| Task details |
Exact transcription, pictures omitted: reproduce the listing below.

| Supplied data |
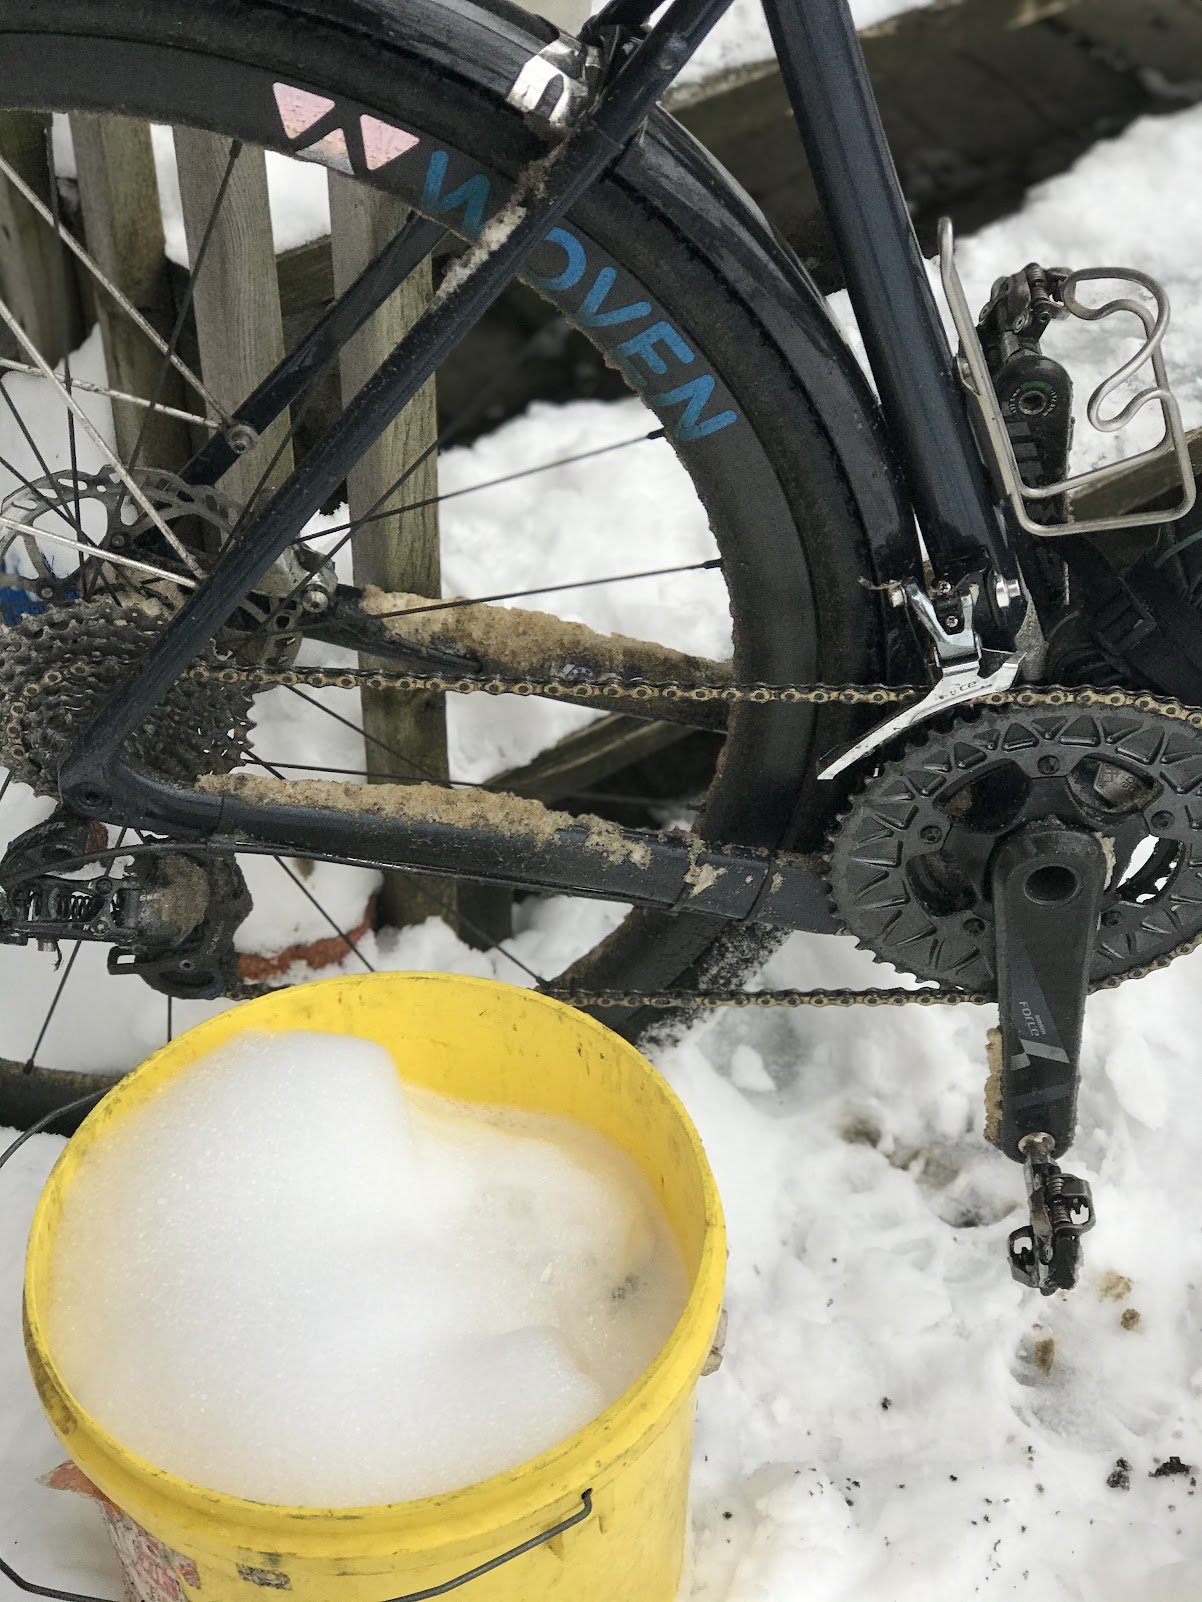 Deter Pro - degreases and cleans your bike
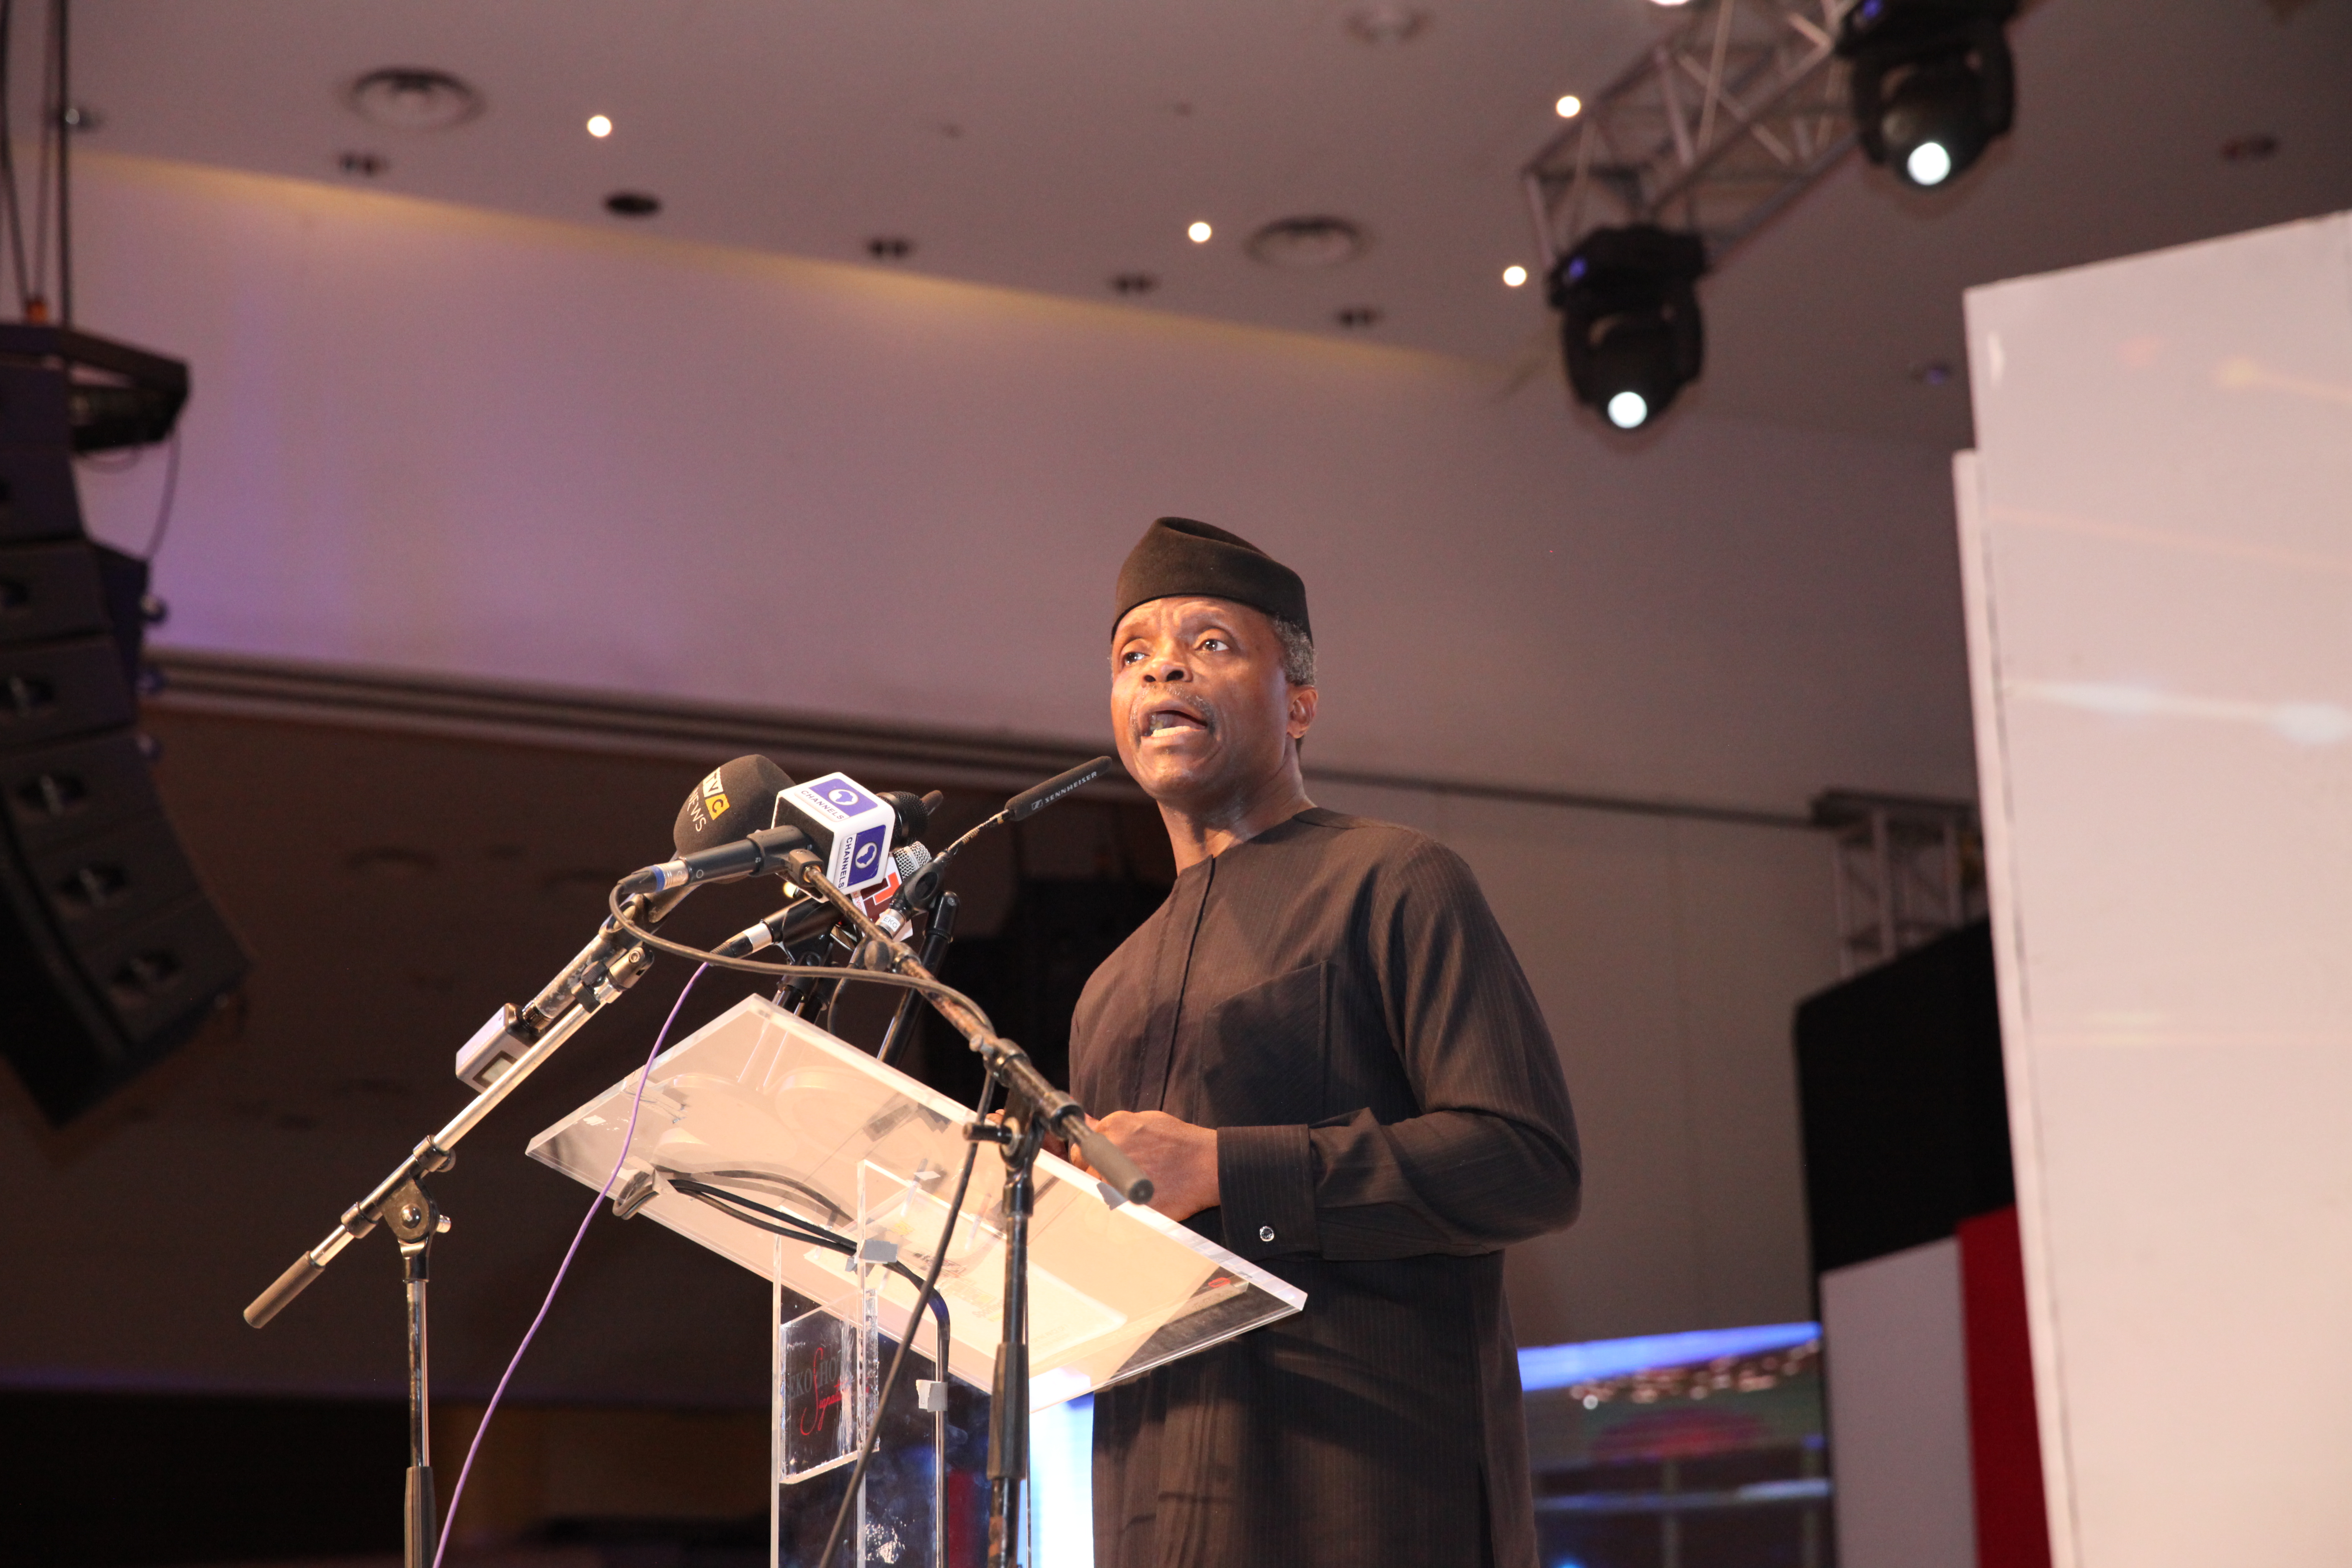 VP Osinbajo Attends “The Sun Man Of The Year Award” Event On 20/02/2016
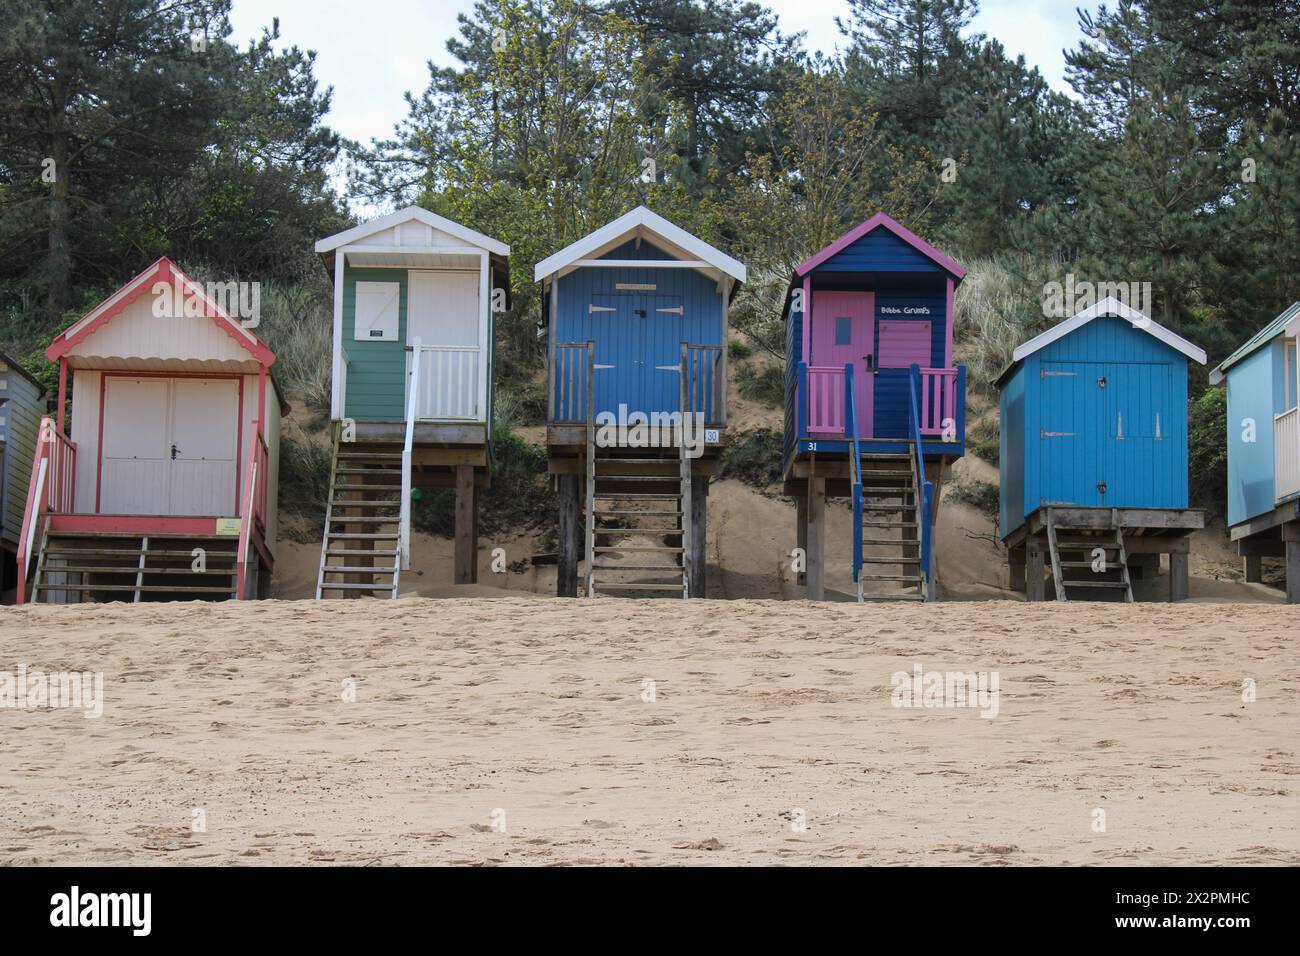 Beach huts on the seafront at Wells next the sea, Norfolk, UK Stock Photo

| Solution to this problem |
 Deter Pro - degreases and cleans your bike
 VP Osinbajo Attends “The Sun Man Of The Year Award” Event On 20/02/2016
 Beach huts on the seafront at Wells next the sea, Norfolk, UK Stock Photo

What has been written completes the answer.